AI Engine to PL Interface AXI Protocol - 2024.1 English

AI Engine Kernel and Graph Programming Guide (UG1079)

Document ID
UG1079
Release Date
2024-06-05
Version
2024.1 English

AI Engine to PL AXI4-Stream interfaces support a subset of the AXI4-Stream protocol (https://developer.arm.com/documentation/ihi0051/a/Introduction/About-the-AXI4-Stream-protocol). Internally, AI Engine to PL AXI4-Stream interfaces are 64-bit channels physically. And 128-bit occupies two adjacent physical channels. This imposes additional requirements on sending data timely between AI Engine and PL via AXI4-Stream interfaces. This section focuses on TLAST and TKEEP requirements of the interfaces to send data without stall.
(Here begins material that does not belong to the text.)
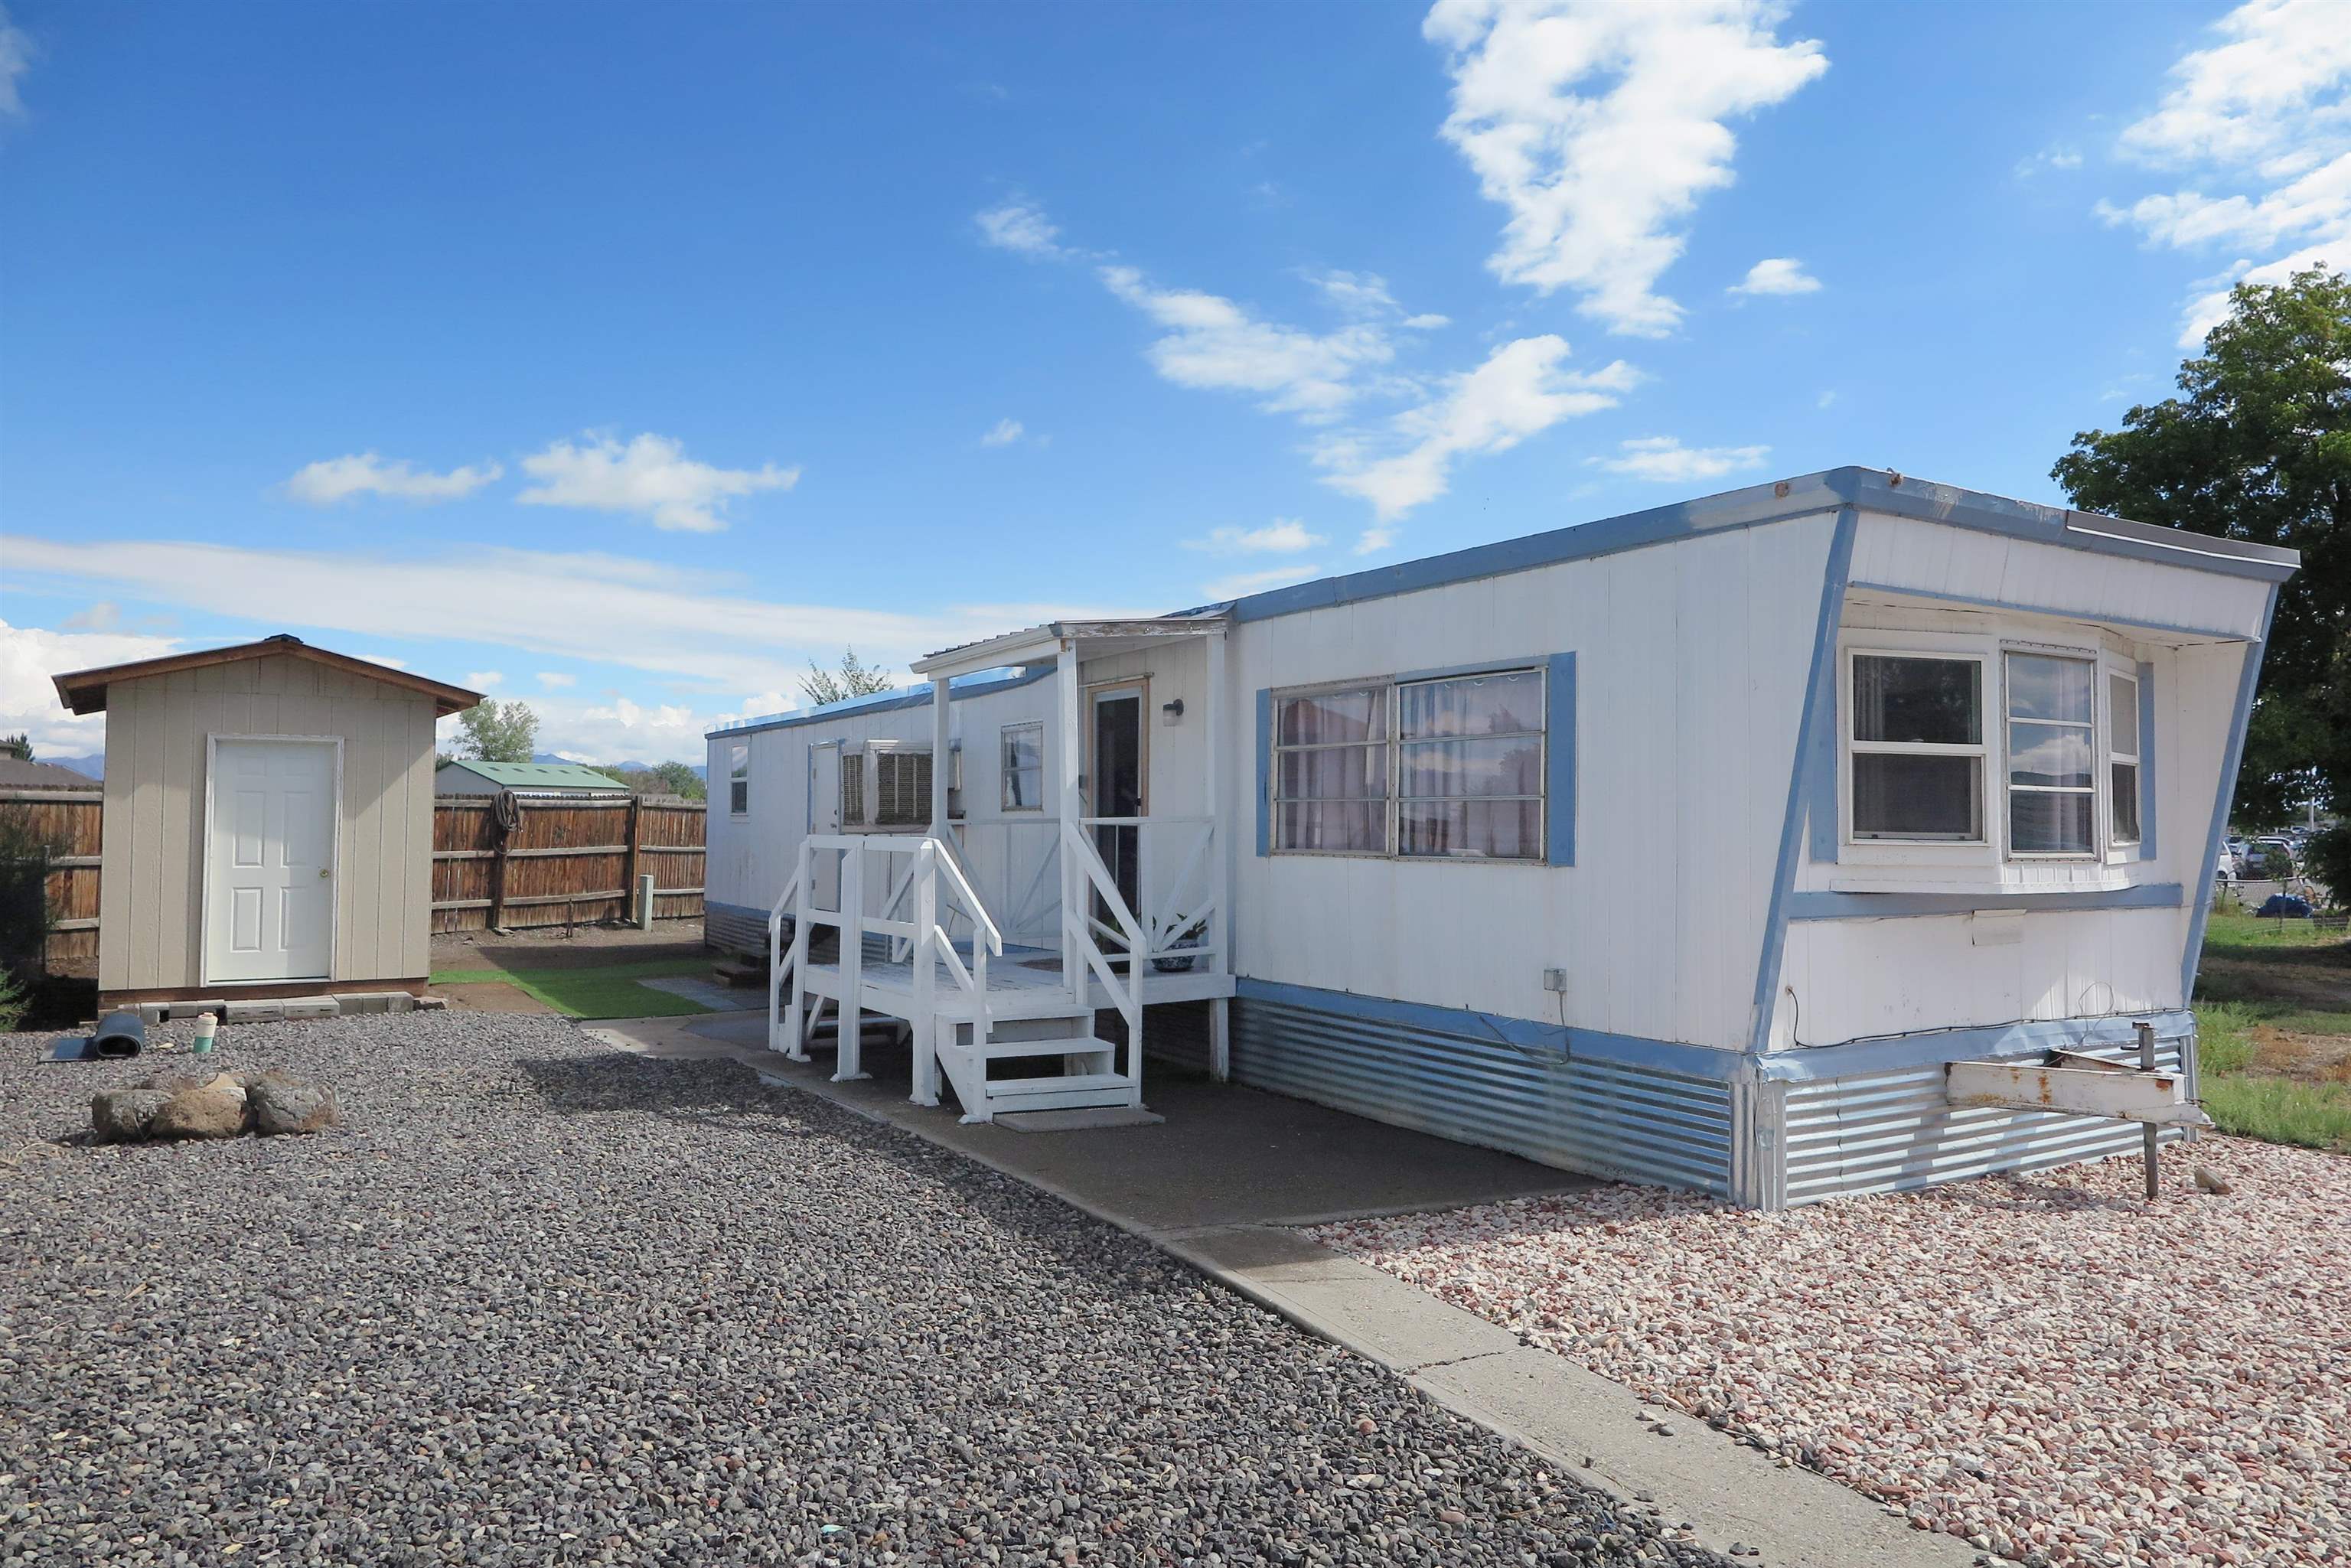 Cute and remodeled mobile home in convenient Fruita location. Lots of recent updates include re-sealing of entire roof, fresh paint and flooring, almost new appliances, and lighting. The 2nd bedroom was converted in to an office/laundry room and there is also a large storage shed. The kitchen boasts new cabinets and countertop plus all appliances are included with the sale.The evaporative cooler was just serviced and the furnace is only a few years old. Some windows in the home were also updated.

TLAST is required for a 64-bit stream between the AI Engine and PL if single 32-bit words are sent. AI Engine to PL 32-bit stream interfaces are automatically internally up-sized to 64-bit interfaces by the AI Engine compiler. When sending 32-bit stream data (to or from the PL from the AI Engine), single 32-bit words without TLAST are held in the interface until a second 32-bit word arrives to complete a 64-bit up-sizing. The solution is to assert TLAST for the single 32-bit data. The data will be pushed into AI Engine without stall.

When using 64-bit and 128-bit interfaces, it is valid to send data without TLAST. Then, even number of data are sent without stall. TLAST can be used depending on the need. When TLAST is asserted, TKEEP can be used together with TLAST to send arbitrate number of 32-bit data for 64-bit and 128-bit interfaces. TKEEP must be set correctly, either -1 (all bits are 1) or partial 32-bit words are enabled, for example 0x0F. The lower parts of the data should be asserted if only partial data is valid.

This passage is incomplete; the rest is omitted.